Information shown
::::

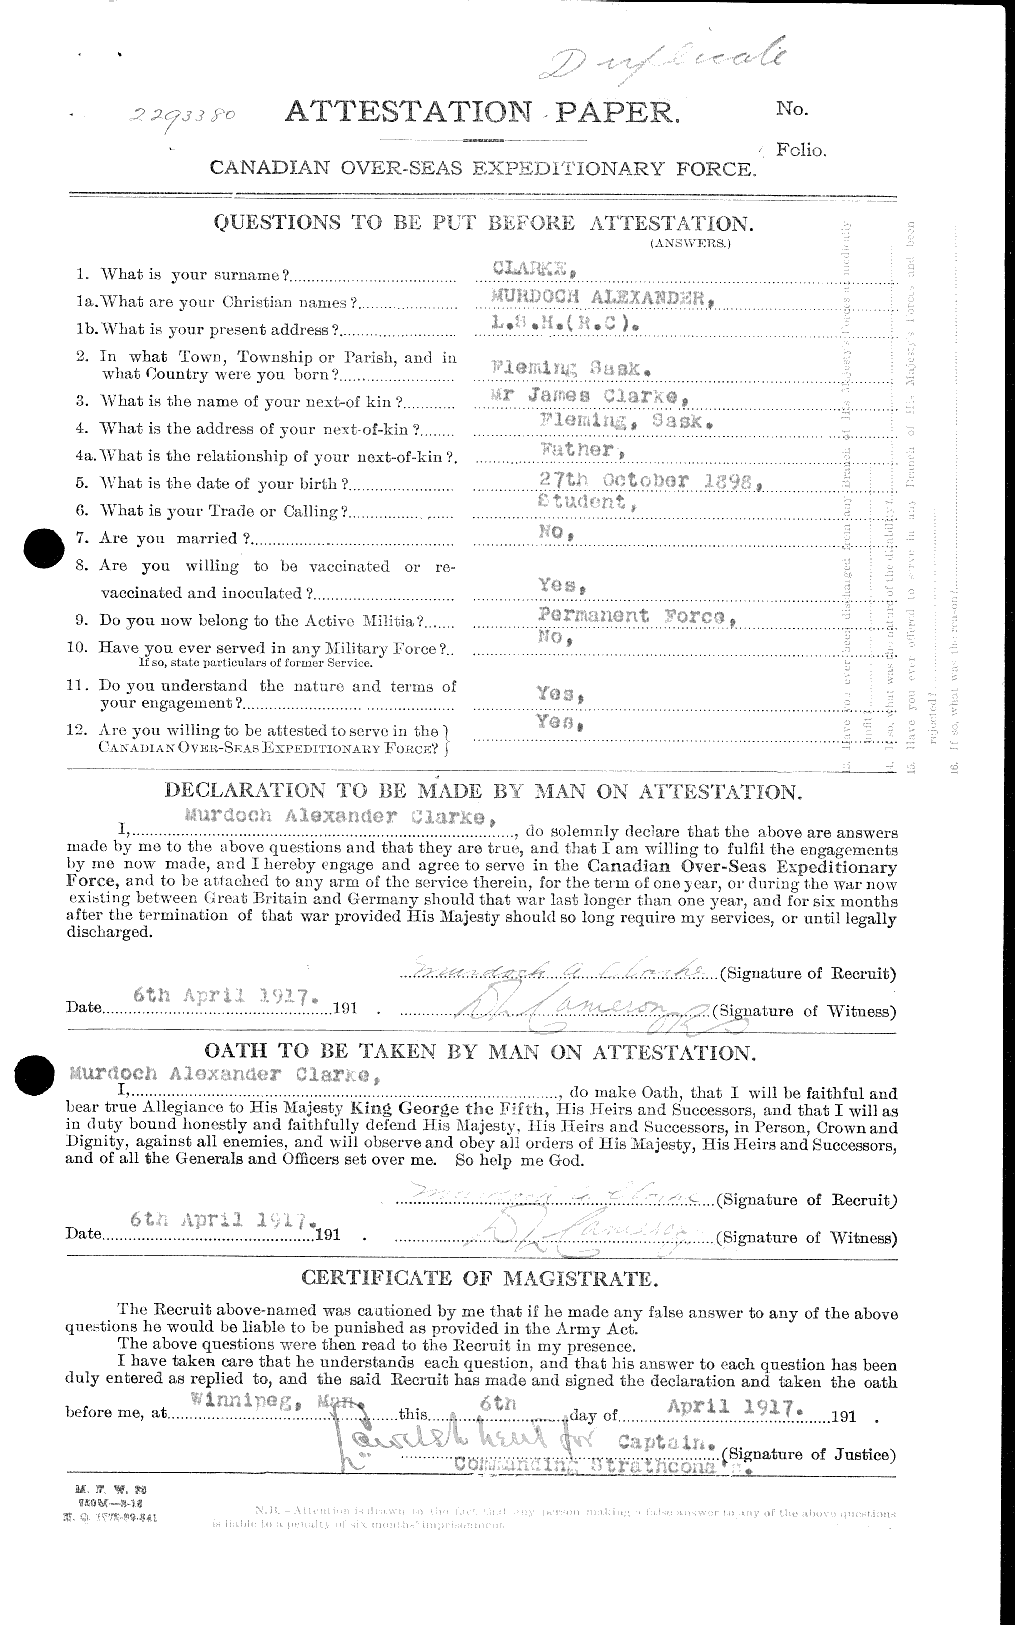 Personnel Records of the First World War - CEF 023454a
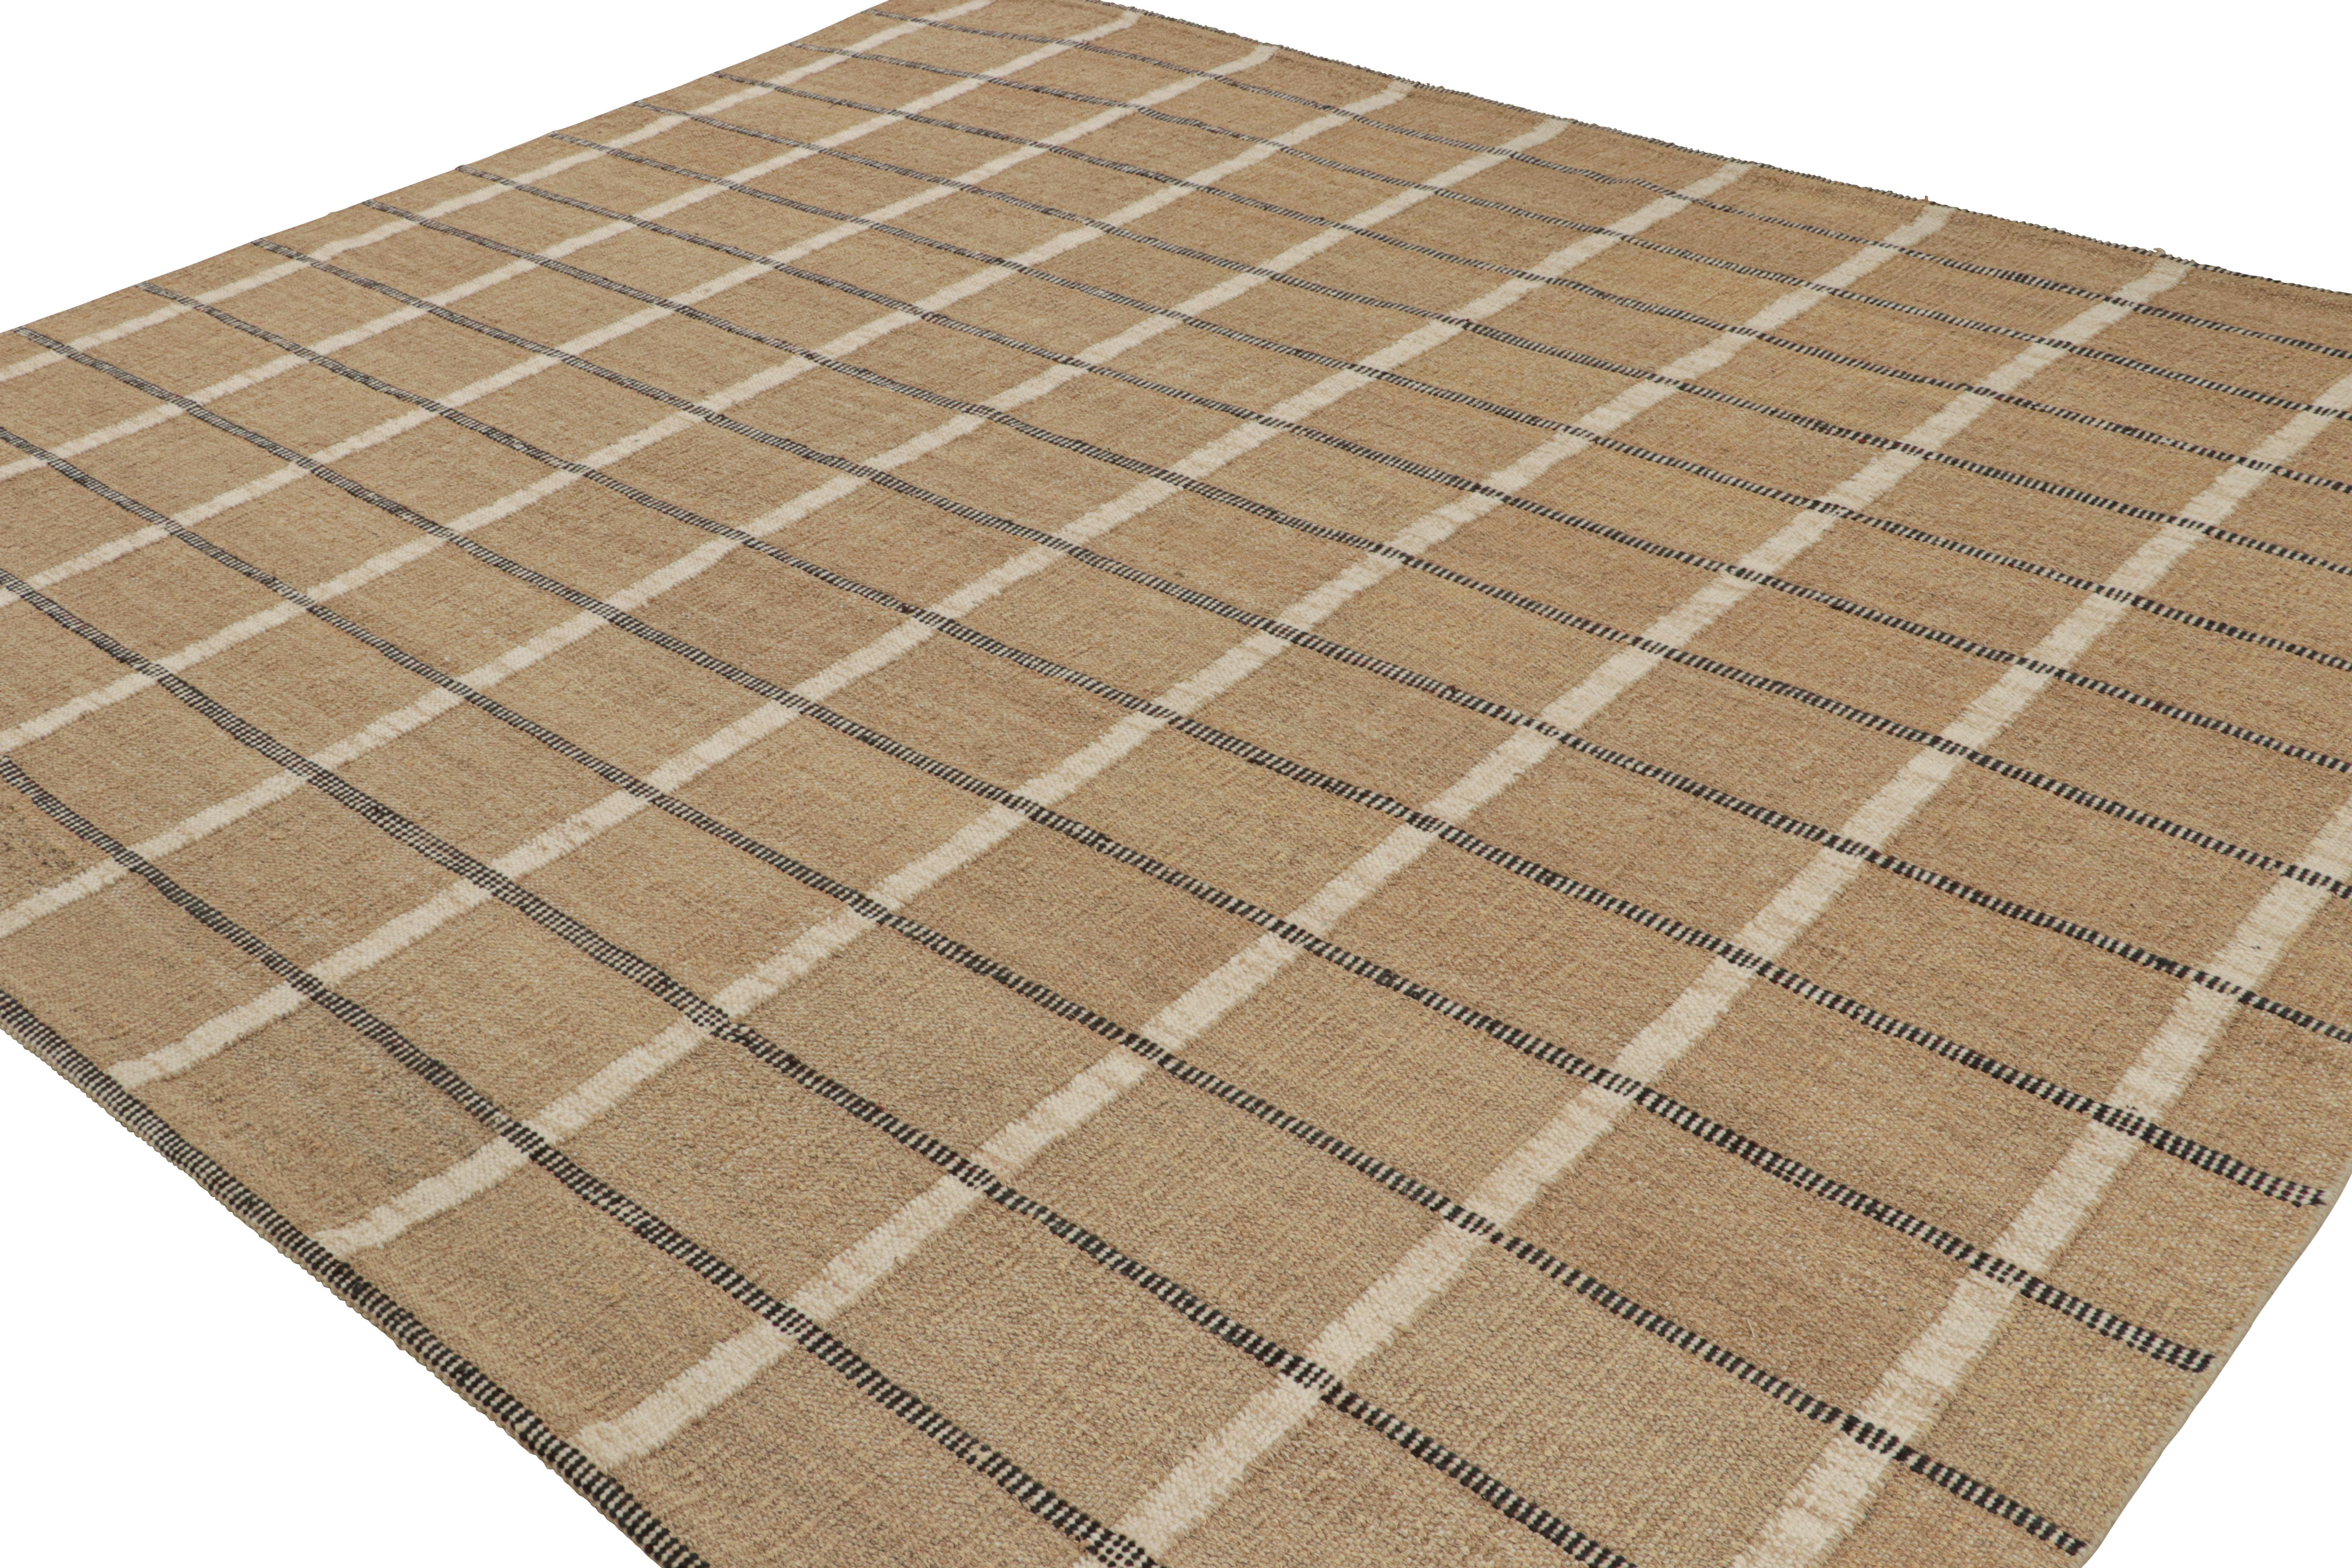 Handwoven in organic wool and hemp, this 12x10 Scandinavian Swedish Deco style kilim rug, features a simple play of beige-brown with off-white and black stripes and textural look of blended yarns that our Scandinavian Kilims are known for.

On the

::::

Exercise description
Find the line that contains "Handwoven in organic" and repeat it, along with every line after it to the end of the data, exactly; drop the pictures.

Output of the task
 Handwoven in organic wool and hemp, this 12x10 Scandinavian Swedish Deco style kilim rug, features a simple play of beige-brown with off-white and black stripes and textural look of blended yarns that our Scandinavian Kilims are known for.

On the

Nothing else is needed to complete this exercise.